Можно думать, что и все ересиархи и основатели расколов были в состоянии прелести.
Поскольку неверие базируется на гордости и самообольщении, то и все потерявшие веру атеисты являются также состоящими в обмане от тёмной силы – т. е. в прелести и, как больные душевно, заслуживают горестного сочувствия в своем бедственном состоянии.
Но повторяем, не только иноки и аскеты, самочинно берущие для себя подвиги, могут впадать в прелесть, но и для всякого христианина в миру, стоящего одиноко, без послушания духовным отцам, всегда имеется опасность впасть в прелесть в той или иной форме, и в той или иной степени.
Еще более категорично о всеобщей порче и прелести говорит святитель Игнатий Брянчанинов, который пишет: «Прелесть,
Св. отцы различают при этом два рода духовной прелести в её крайнем развитии.

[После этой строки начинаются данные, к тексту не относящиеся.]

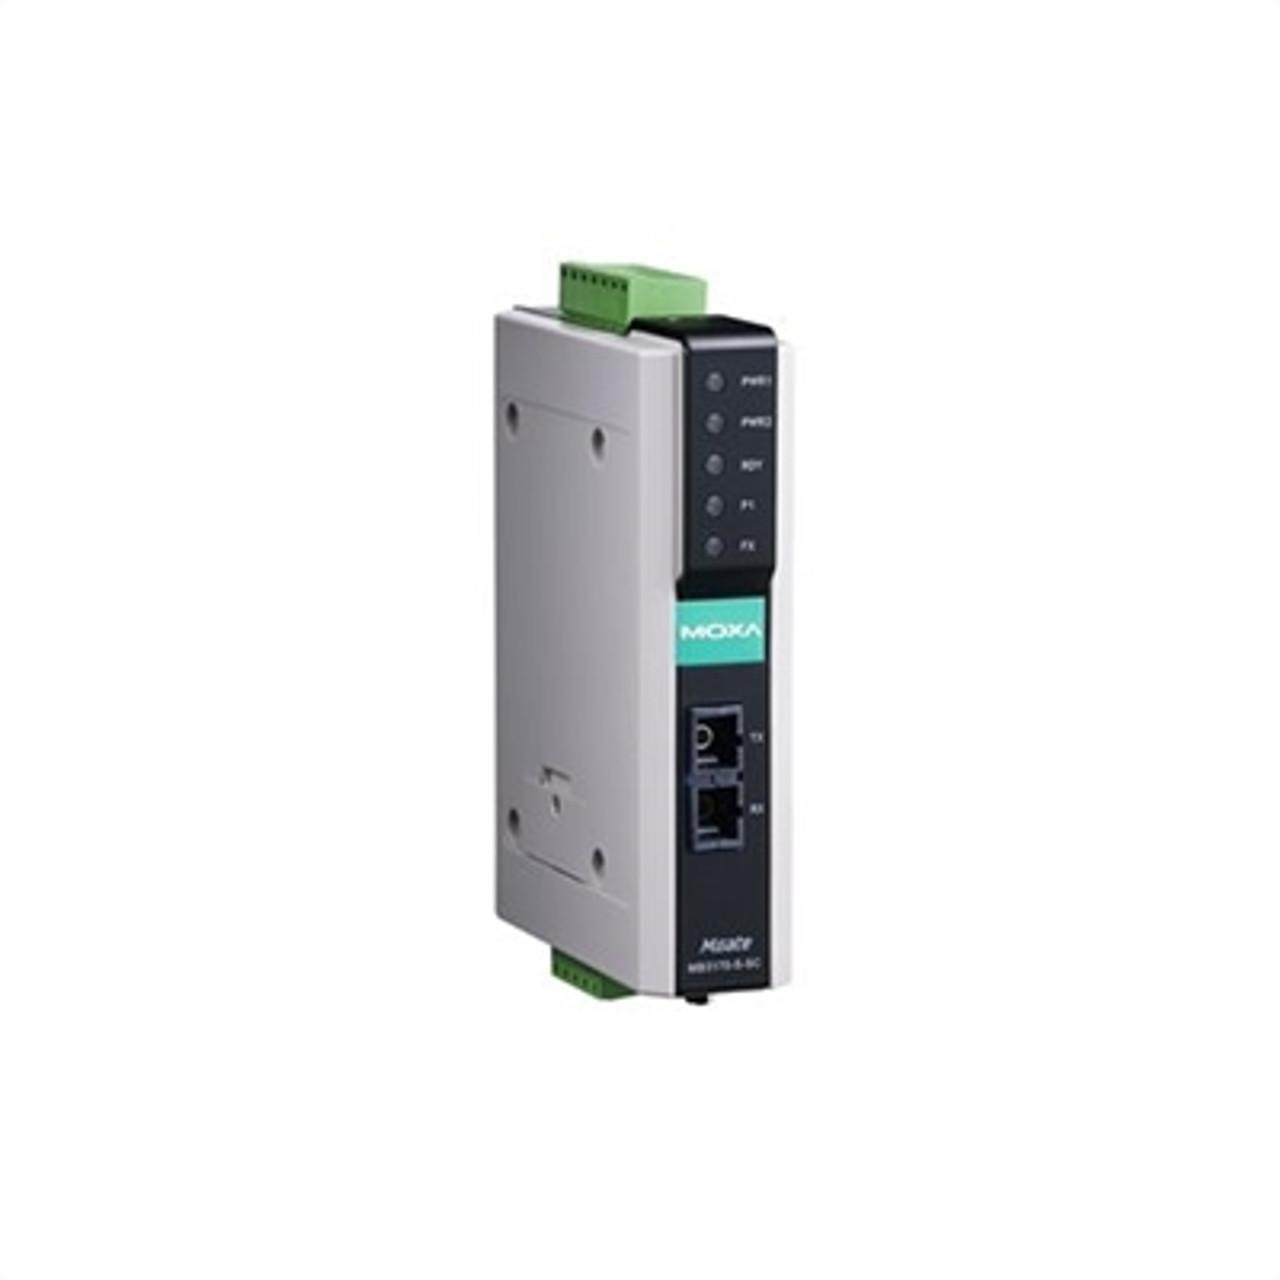 Moxa MGate MB3170I-S-SC 1-Port Advanced Modbus Gateway

Первый вид – это когда человек начинает воображать, что он видит Господа, Божию Матерь, ангелов, духов и считает себя достойным таких видений.
Второй род прелести – это когда человек возомнит о себе, что он высокой духовной жизни, что он необычайный постник, прозорливец, чудотворец, что он способен нести большие подвиги, что он призван учить и руководить людьми. Этот род прелести называется «мнением», потому что в этом случае человек мнит о себе.
Всякий род духовной прелести есть, однако же, пагубнейшее состояние нашего духа. Оно основывается на духовной гордости человека. Чтобы избежать прелести, надо иметь покаянное чувство, смирение, соединенное со страхом Божиим.
Начало прелести можно узнать по следующим признакам:
1) Самонадеянность, самочиние, нежелание подчинять свою волю старцу или духовному отцу и авторитету церковного сознания.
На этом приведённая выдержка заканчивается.